Probability - How likely?
For our probability discussion, I introduced the three identical flashlights as follows: one with one year old batteries, one with three year old batteries, and one with new batteries. While some students asked "Which one had been used more?", my answer was "We don't know". I then asked them to rank the flashlights from "Most likely to fail" to "Least likely to fail". The consensus was that the flashlight with three year old batteries was most likely to fail, and this flashlight was their overwelming choice when asked: "Whice one do you want to change the batteries in first?"

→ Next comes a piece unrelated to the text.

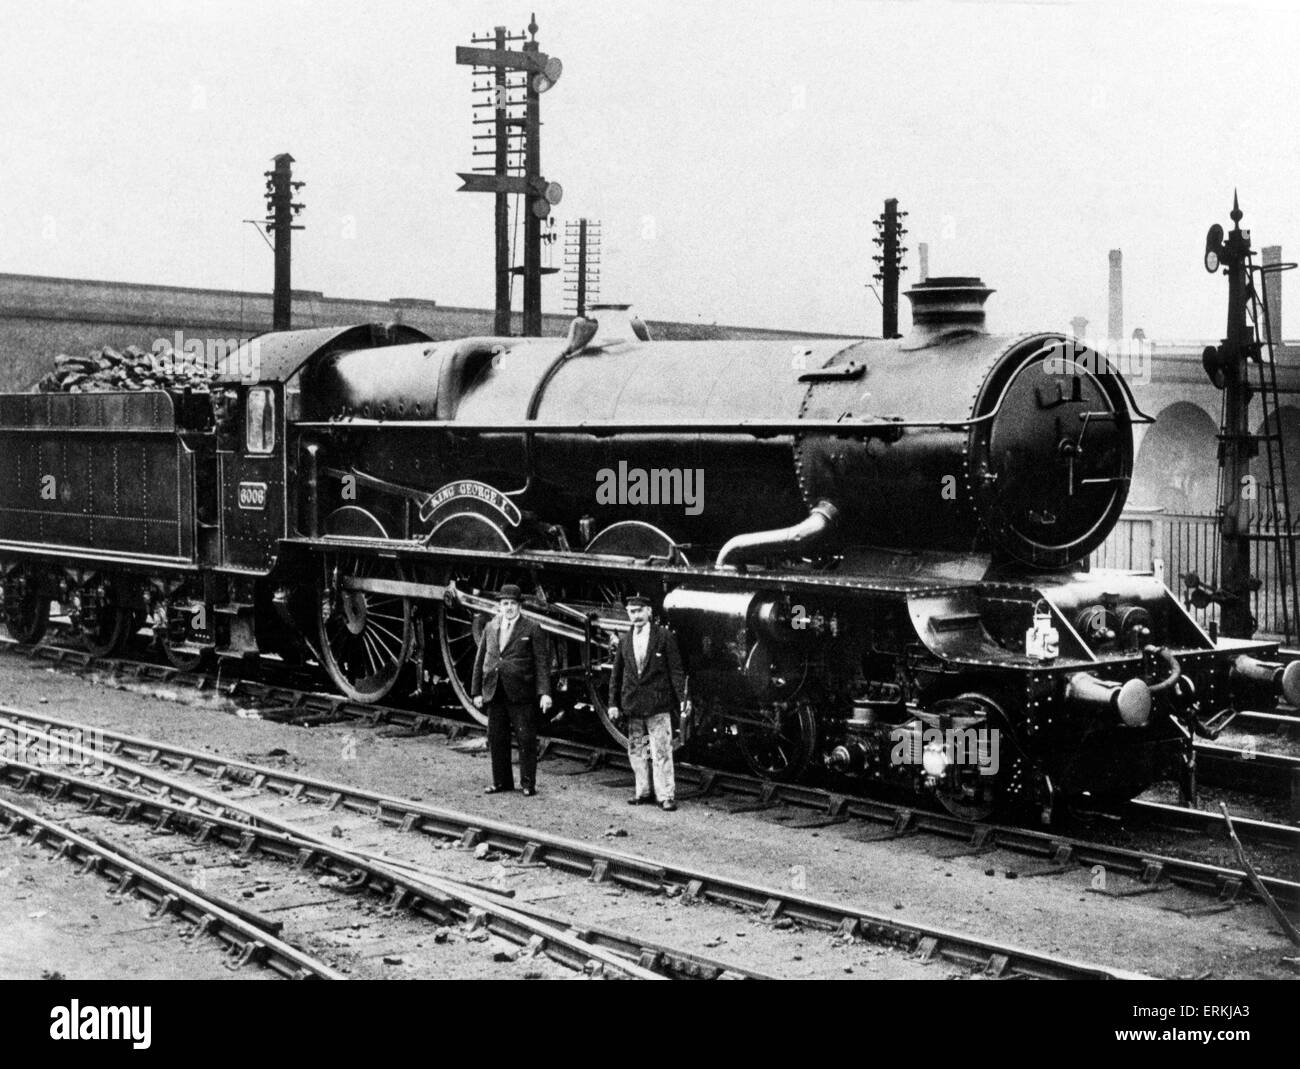 Great Western Railway (GWR) 6000 Le Roi George I Classe locomotive à vapeur, chemin Stafford cabanes, vers 1930. Banque D'Images

Consequence - How serious?
To introduce consequence, I gave the students three scenarios where the might need a flashlight and asked "How serious would it be if your flashlight failed in this situation?" The three scenarios where a flashlight might be needed were: "In a classroom in case the power goes out", "To find your way our of a dark cave", and "Outside on a sunny day". The students easily identified "To find your way out of a dark cave" as the most serious situation and "Outside on a sunny day" as the least serious situation.
Risk - Probability and Consequence
To bring together the concepts of probability and consequence, I assigned the three flashlights to the three situations graphically on a risk matrix:
- The flashlight with three year old batteries will be needed outside on a sunny day (highest probability x lowest consequence="middle" risk)
- The flashlight with one year old batteries will be needed to find your way out of a dark cave (middle probability x highest consequence="highest risk")
- The flashlight with new batteries will be needed in case the power goes out in the classroom (lowest probability x middle consequence="lowest risk")
I concluded the presentation with the question: "Based upon risk, now which flashlight would your replace the batteries first?" It was great to finish up our discussion by talking about why they changed their minds and now chose the flashlight with the one year old batteries.